**What you should do:** The records must be duplicated exactly, with every picture left out.

**Given data:**

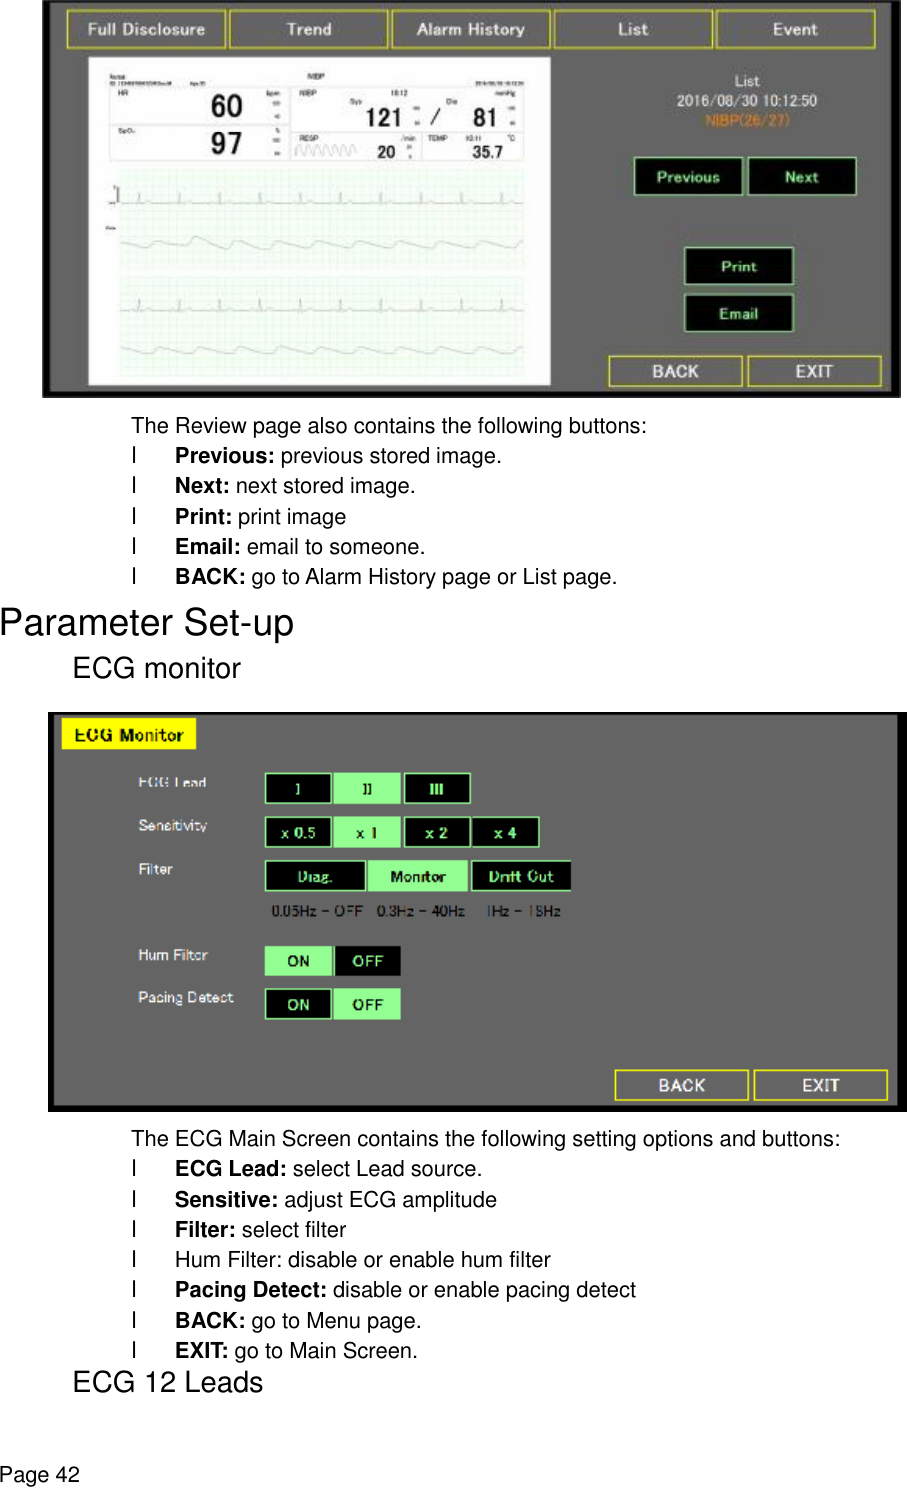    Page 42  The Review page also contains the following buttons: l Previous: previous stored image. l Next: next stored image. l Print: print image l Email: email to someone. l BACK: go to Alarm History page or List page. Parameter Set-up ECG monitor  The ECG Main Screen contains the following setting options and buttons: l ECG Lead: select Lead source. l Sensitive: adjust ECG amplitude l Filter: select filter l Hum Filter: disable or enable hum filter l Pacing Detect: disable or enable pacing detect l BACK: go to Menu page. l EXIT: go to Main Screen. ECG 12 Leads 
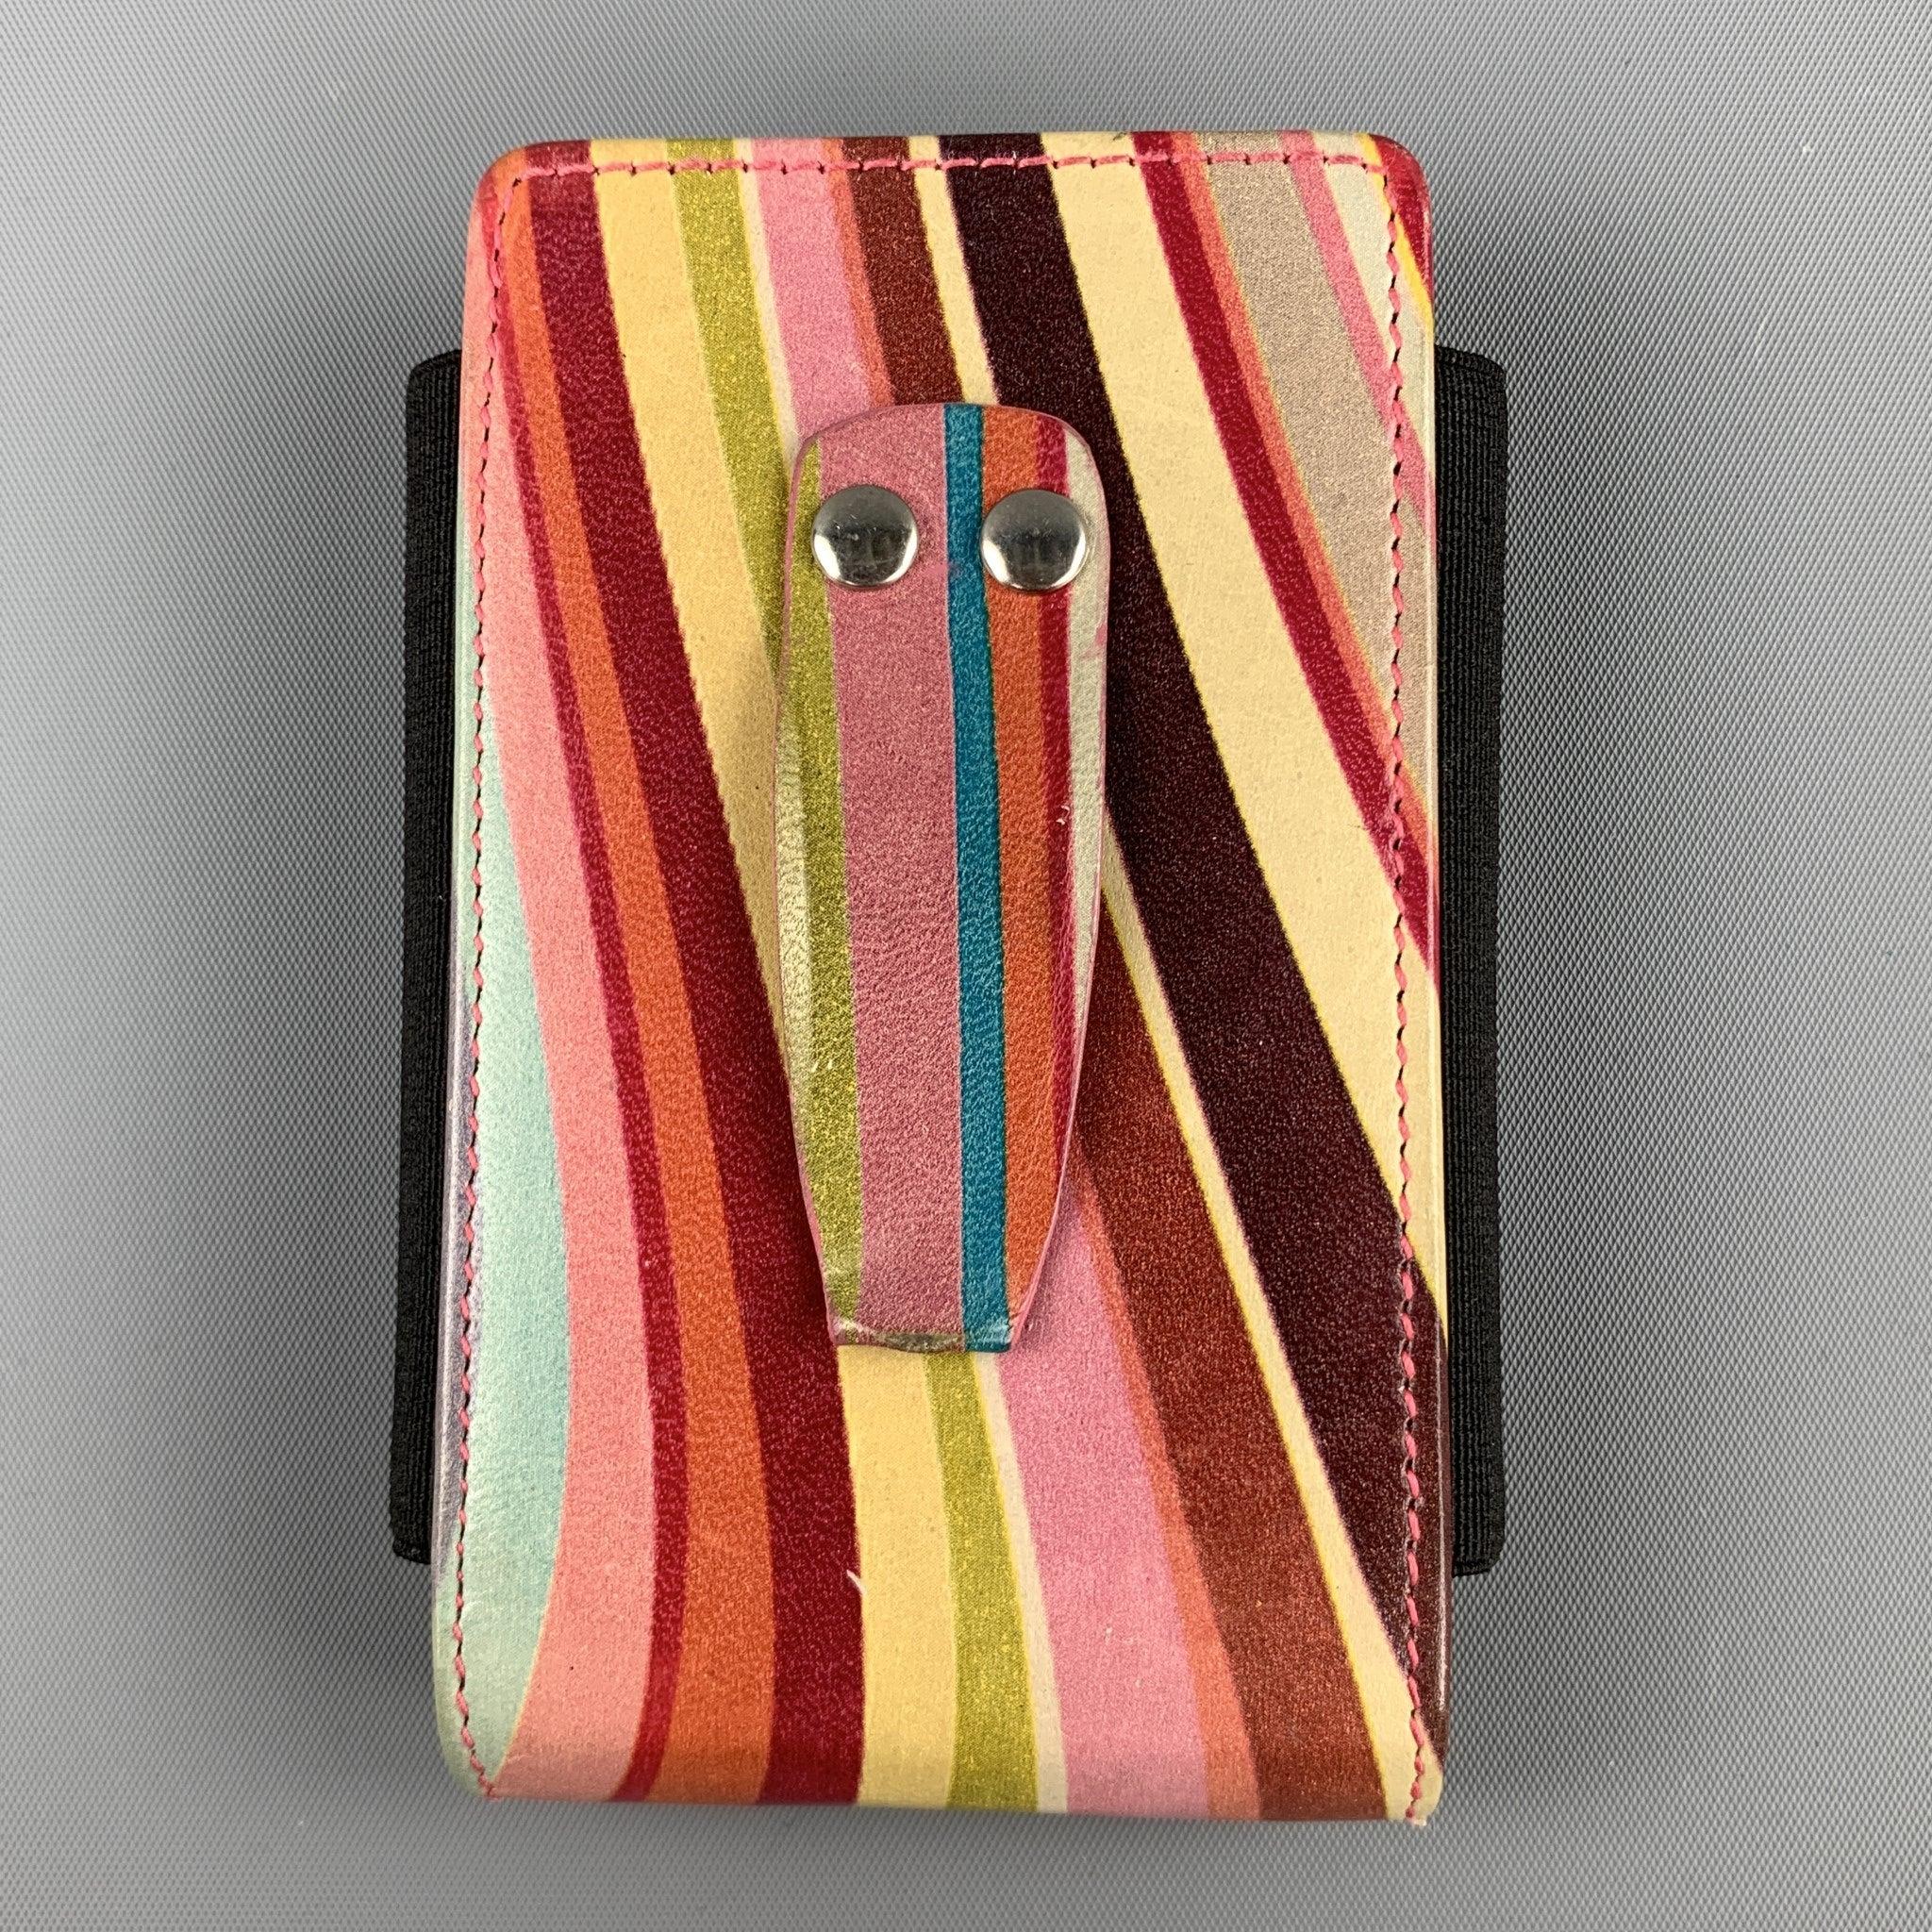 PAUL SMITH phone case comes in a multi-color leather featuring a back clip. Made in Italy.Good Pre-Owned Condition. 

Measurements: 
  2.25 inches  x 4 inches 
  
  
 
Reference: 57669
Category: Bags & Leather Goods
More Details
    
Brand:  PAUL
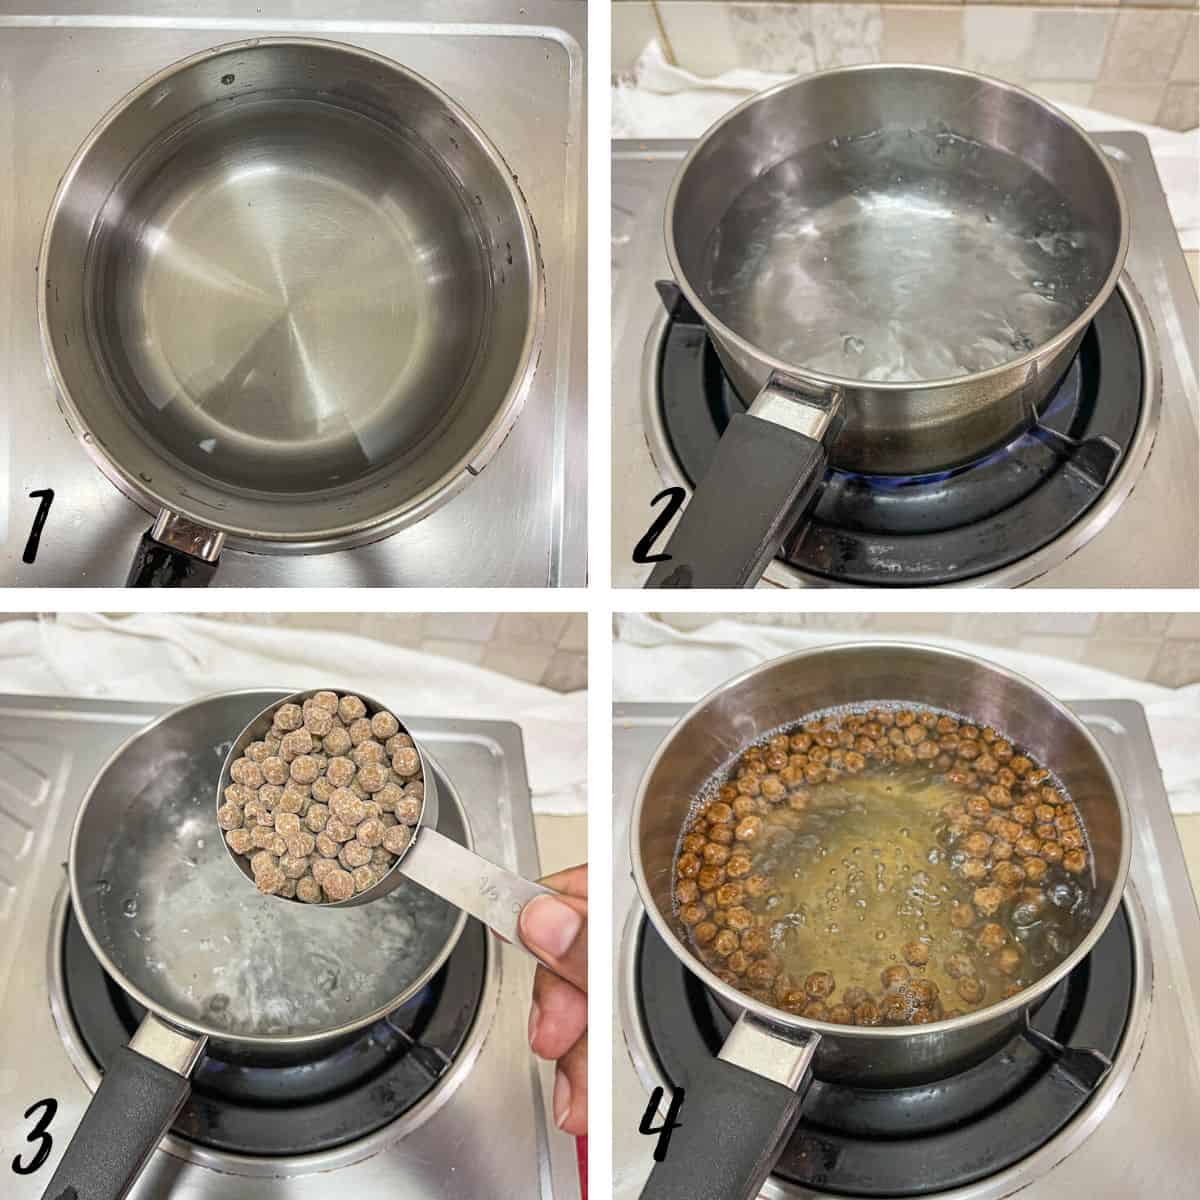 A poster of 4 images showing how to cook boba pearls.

**Reply:**
    Page 42  The Review page also contains the following buttons: l Previous: previous stored image. l Next: next stored image. l Print: print image l Email: email to someone. l BACK: go to Alarm History page or List page. Parameter Set-up ECG monitor  The ECG Main Screen contains the following setting options and buttons: l ECG Lead: select Lead source. l Sensitive: adjust ECG amplitude l Filter: select filter l Hum Filter: disable or enable hum filter l Pacing Detect: disable or enable pacing detect l BACK: go to Menu page. l EXIT: go to Main Screen. ECG 12 Leads 
 PAUL SMITH phone case comes in a multi-color leather featuring a back clip. Made in Italy.Good Pre-Owned Condition. 

Measurements: 
  2.25 inches  x 4 inches 
  
  
 
Reference: 57669
Category: Bags & Leather Goods
More Details
    
Brand:  PAUL
 A poster of 4 images showing how to cook boba pearls.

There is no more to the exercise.